“I am not your enemy, Mrs. Farrar,” he said. “I never shall be. Whatever happens you shall have sympathy and friendship, both from my mother and from me, and such help and comfort as we may be permitted to give to you.”
“Thank you, Mr. Westgate! You and your mother have always been good to us.”
“And we shall continue to be to the best of our ability. Good-bye!”
When Westgate had gone she turned again to her husband and demanded that he tell her what had happened. He did so. He told her plainly of the request for his resignation, and of his refusal to consider it.
“Oh, why didn’t you do what they asked of you?” she wailed. “It would have been so much better than keeping up this horrid fight. I am so sick and tired of it. If we could only get away from this dreadful place!”
“It’s a splendid place, Alice. It’s the field of Armageddon for us. The Lord’s battle is on. Would you have me branded as a deserter?”
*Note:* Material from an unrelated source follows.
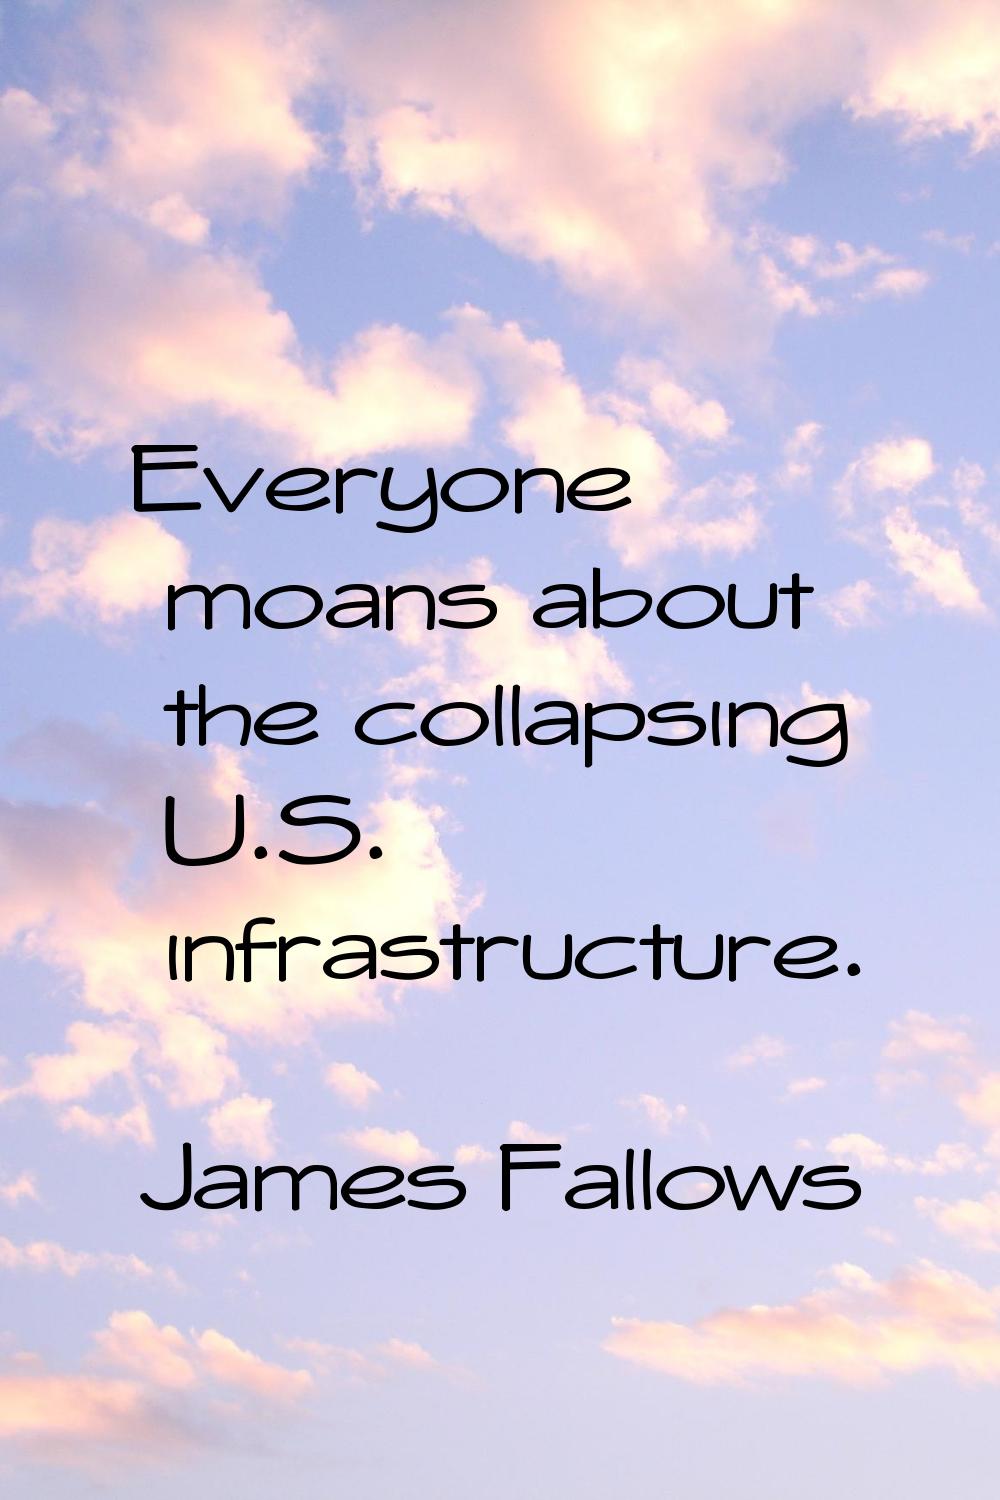 Everyone moans about the collapsing U.S. infrastructure.

“I don’t know, Robert. I only know that I’m so miserable. If we could only live somewhere, in any little place, at peace, and let some one else do the fighting. You said, one day, that I shouldn’t have married a minister. It hurt me then, but I’ve thought a good deal about it since,—and now I know it’s true. I’m such a hopeless drag on you.”
“You’re a very great comfort to me, dear.”
It was not true, and he knew in his heart that it was not true; but he could say no less and be a Christian gentleman.
“Thank you, Robert! And I’ve thought a good many times since then that if you only had a wife like Ruth Tracy, what a help and blessing she’d be to you.”